### DATA BELOW
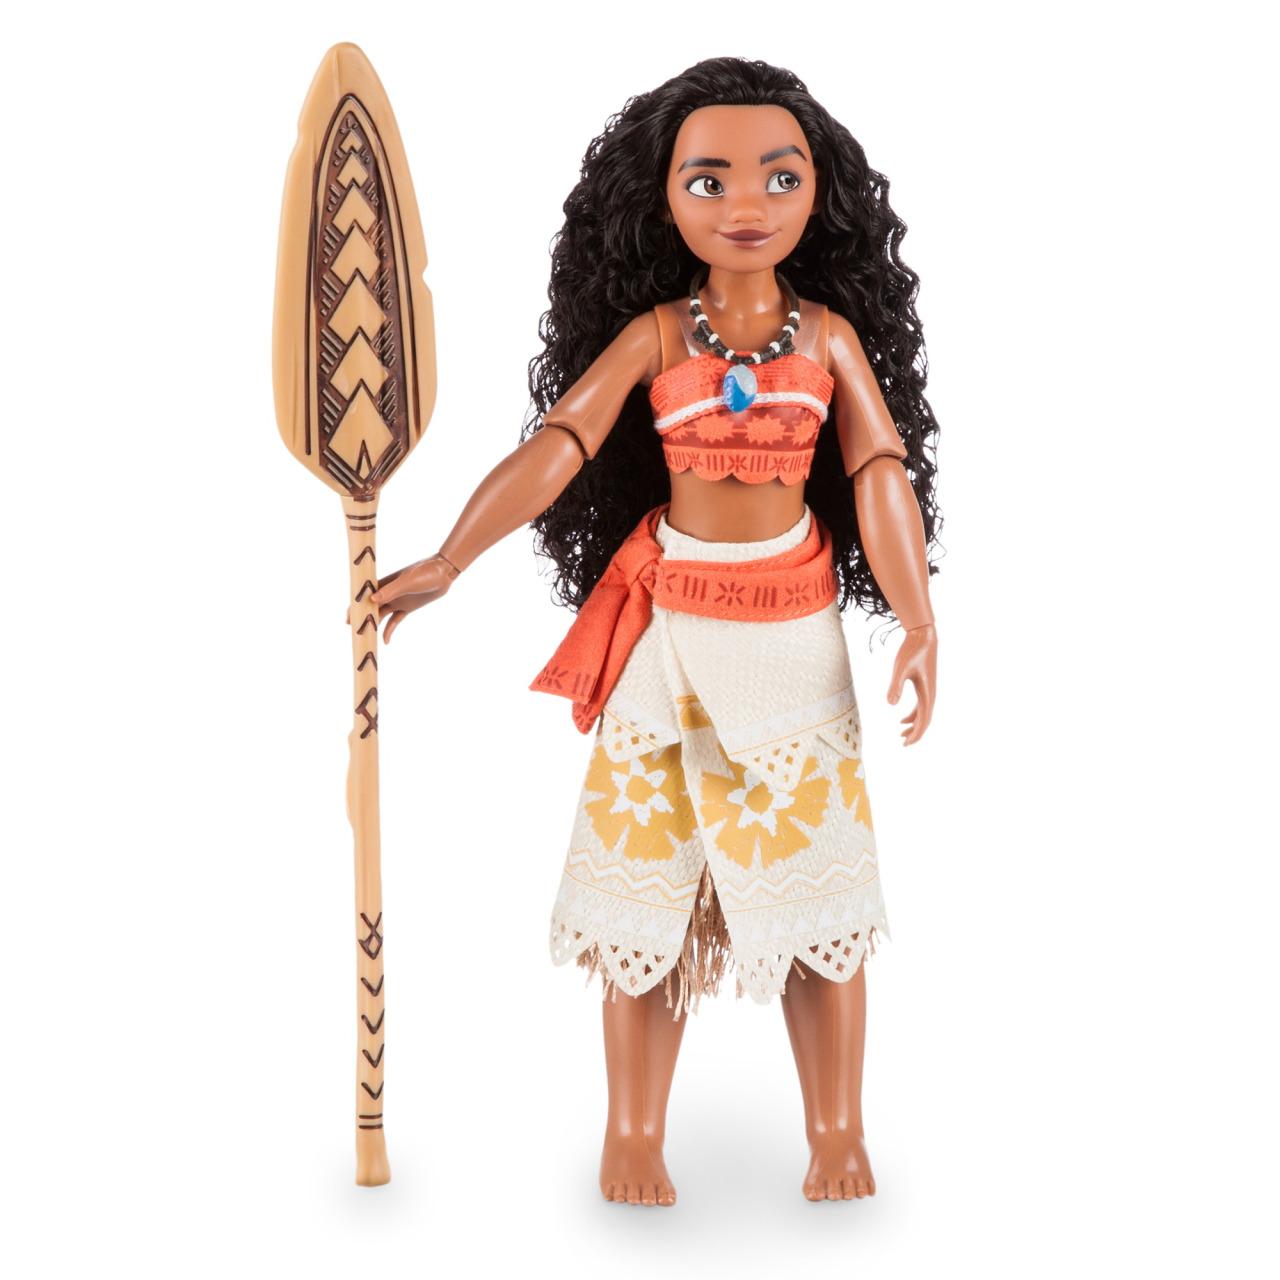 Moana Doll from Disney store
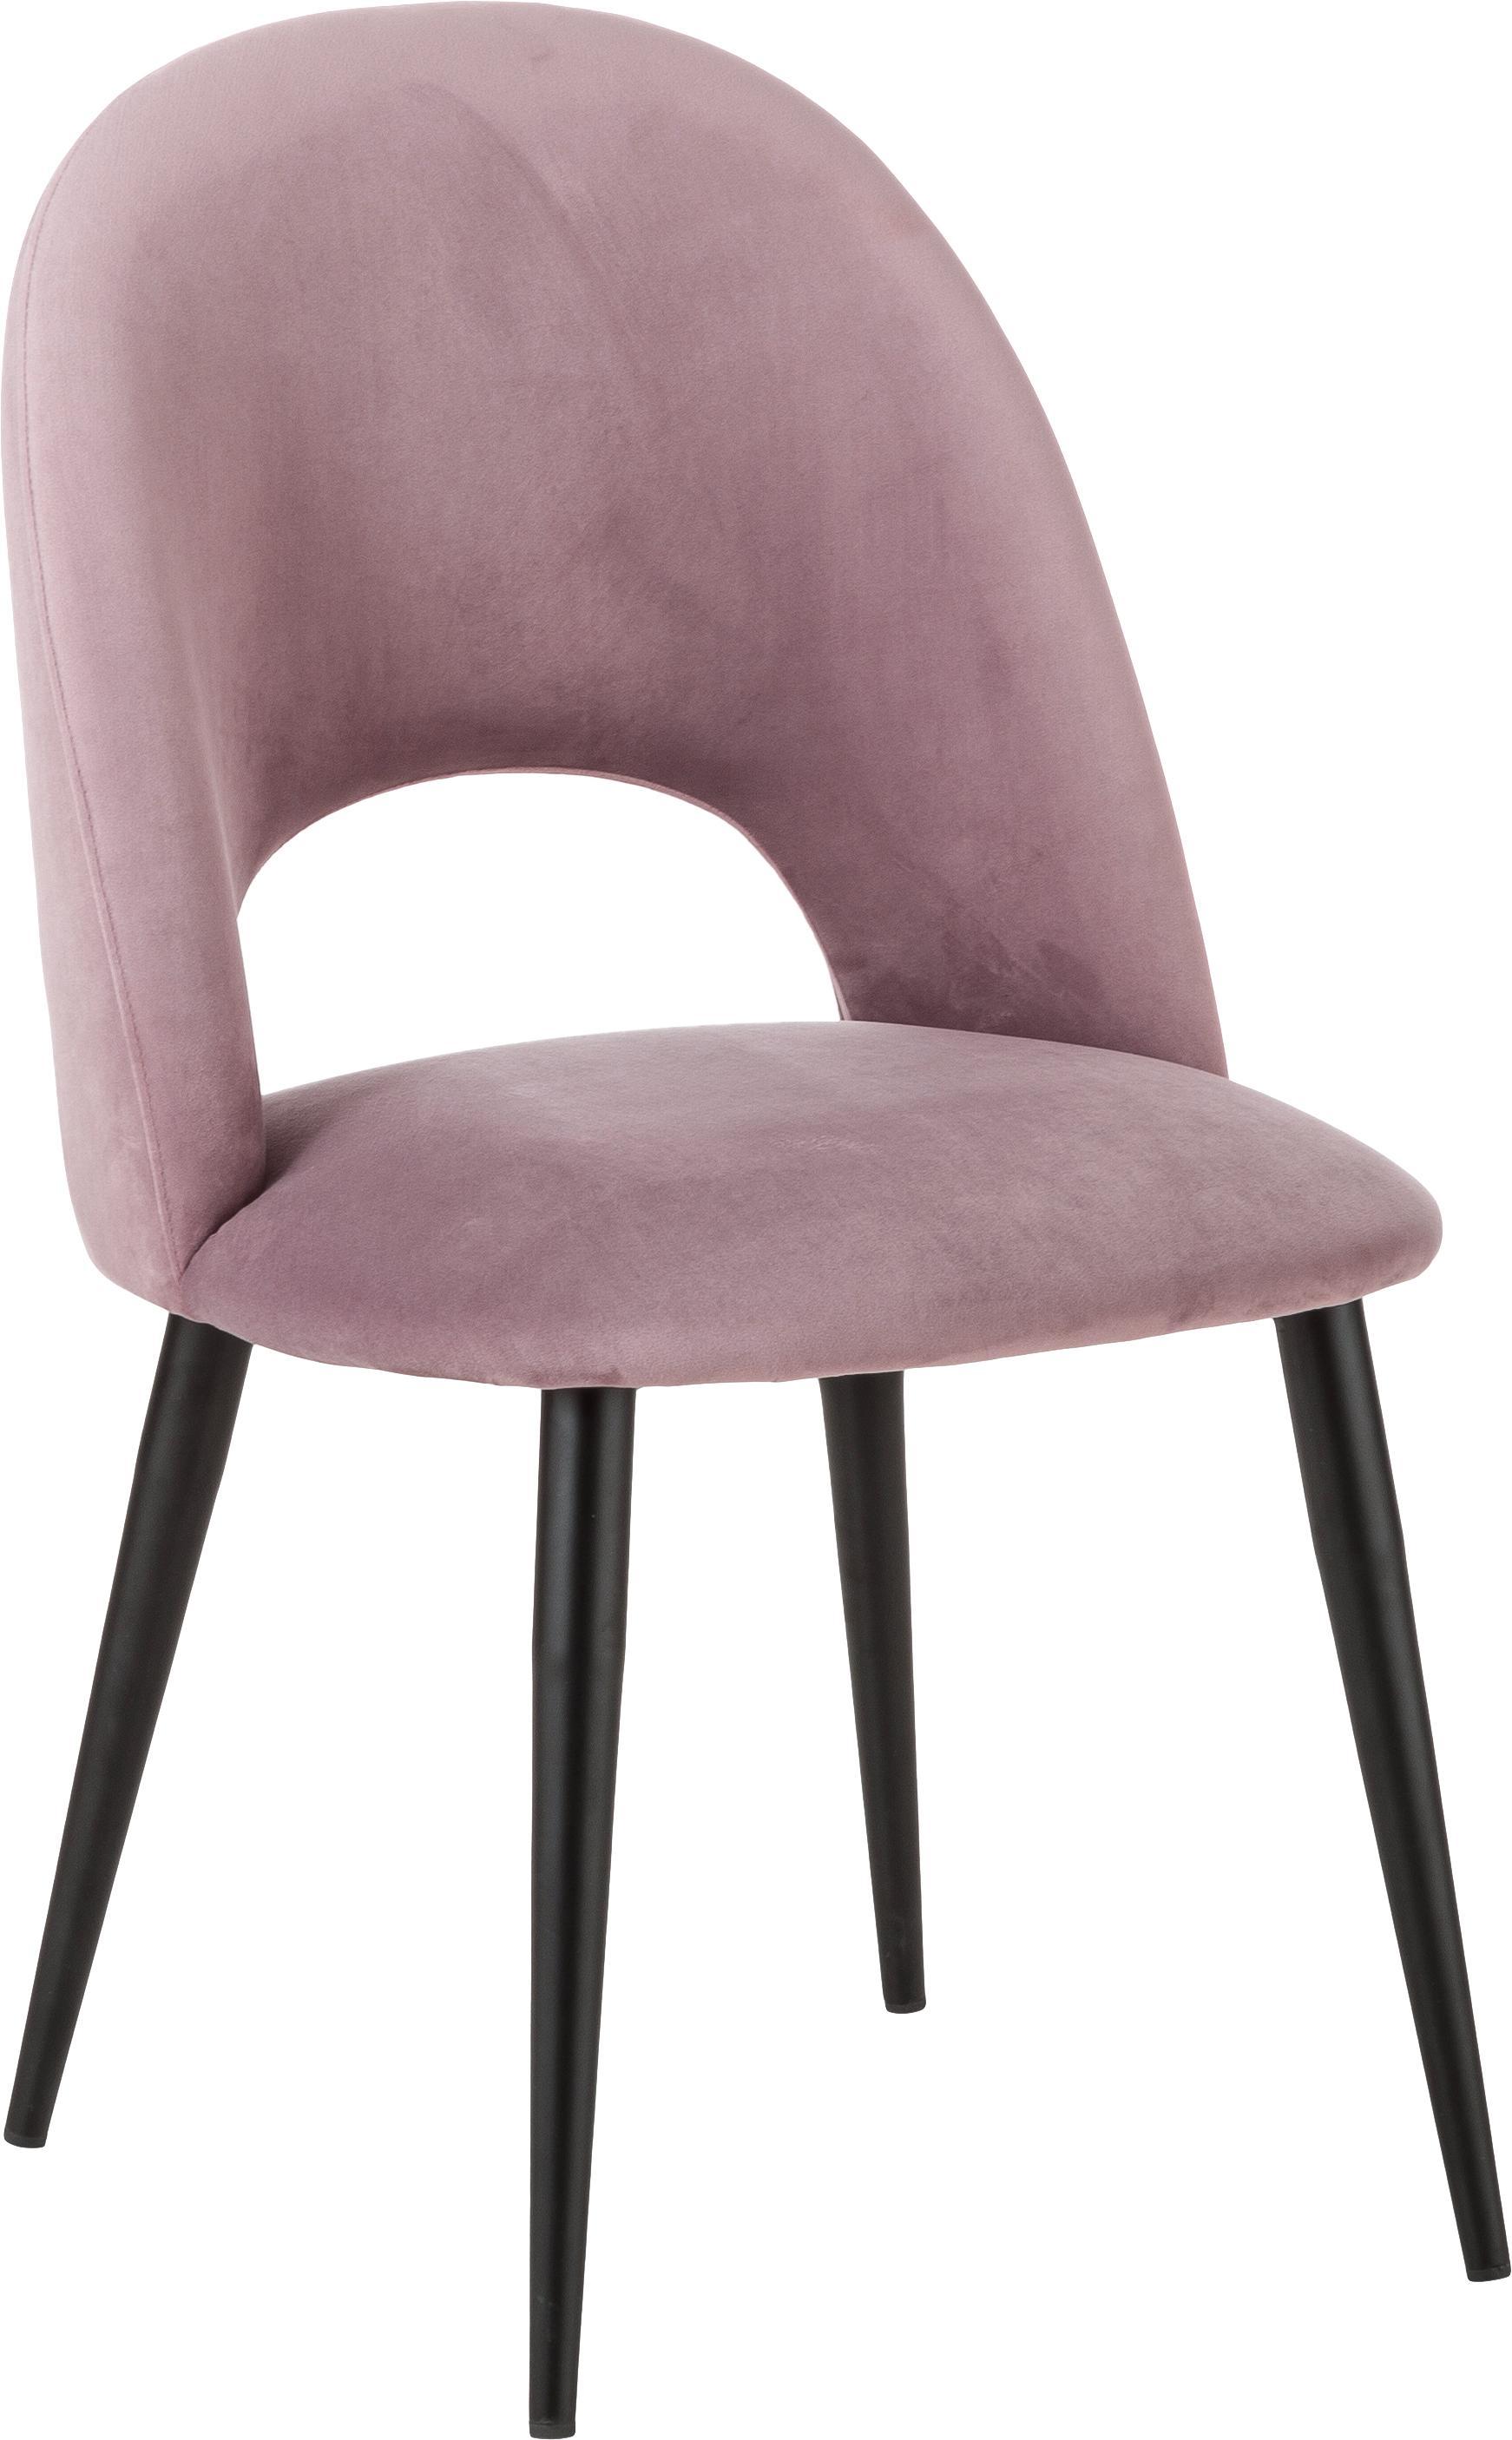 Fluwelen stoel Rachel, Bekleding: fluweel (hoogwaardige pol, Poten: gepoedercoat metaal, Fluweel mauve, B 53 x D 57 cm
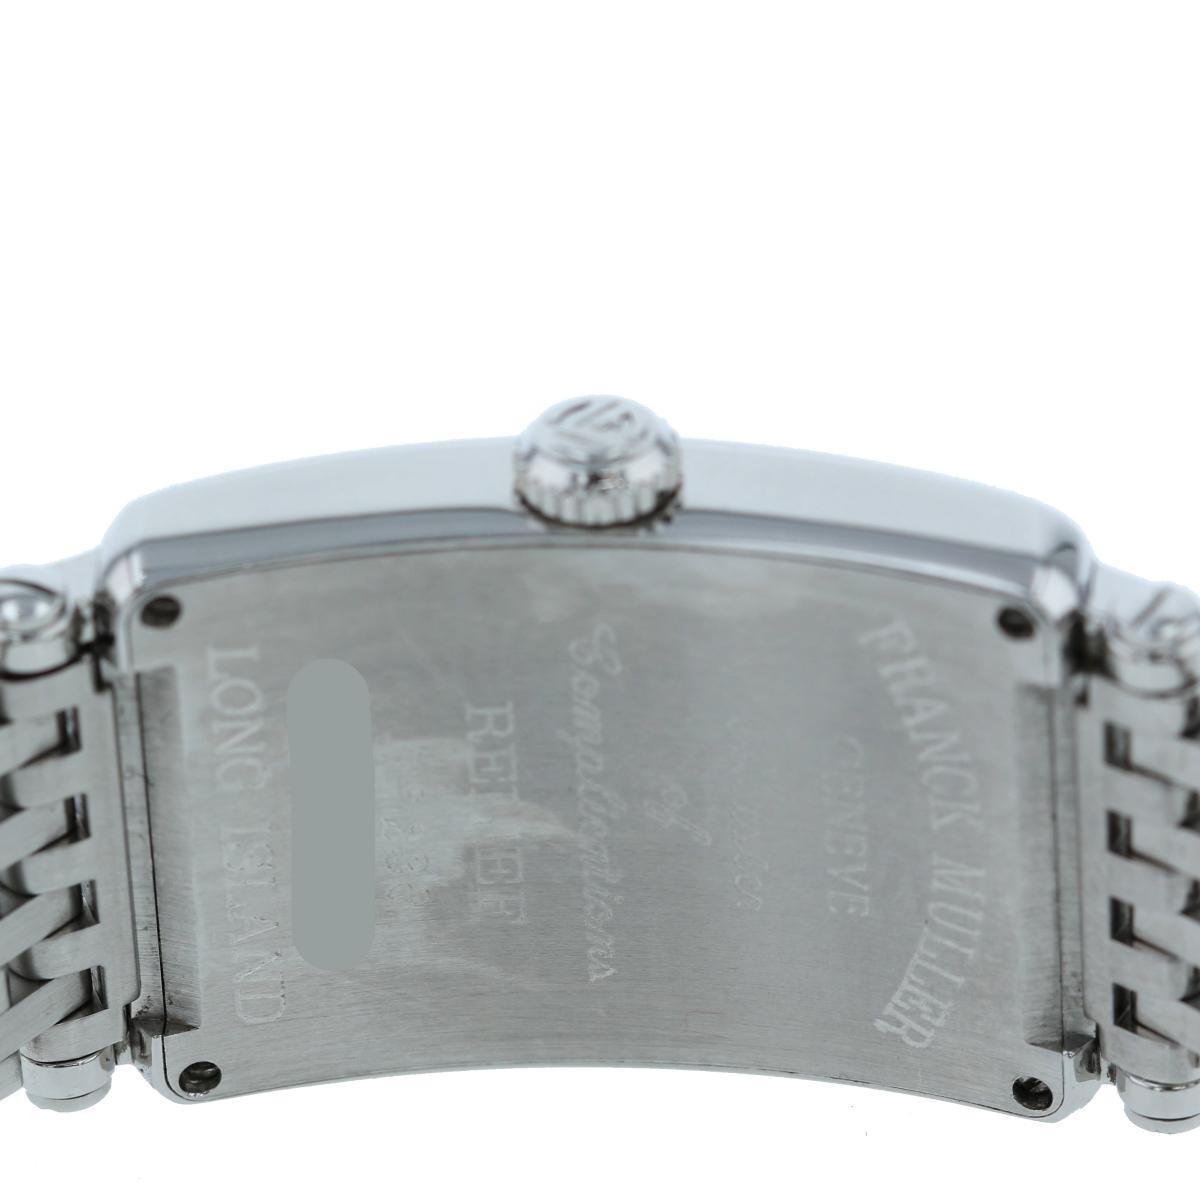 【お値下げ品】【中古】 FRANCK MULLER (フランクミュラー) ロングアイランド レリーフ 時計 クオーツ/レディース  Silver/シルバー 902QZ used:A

### INSTRUCTIONS TO FOLLOW
Retype the data exactly; images stay out.

### REPLY
 Moana Doll from Disney store
 Fluwelen stoel Rachel, Bekleding: fluweel (hoogwaardige pol, Poten: gepoedercoat metaal, Fluweel mauve, B 53 x D 57 cm
 【お値下げ品】【中古】 FRANCK MULLER (フランクミュラー) ロングアイランド レリーフ 時計 クオーツ/レディース  Silver/シルバー 902QZ used:A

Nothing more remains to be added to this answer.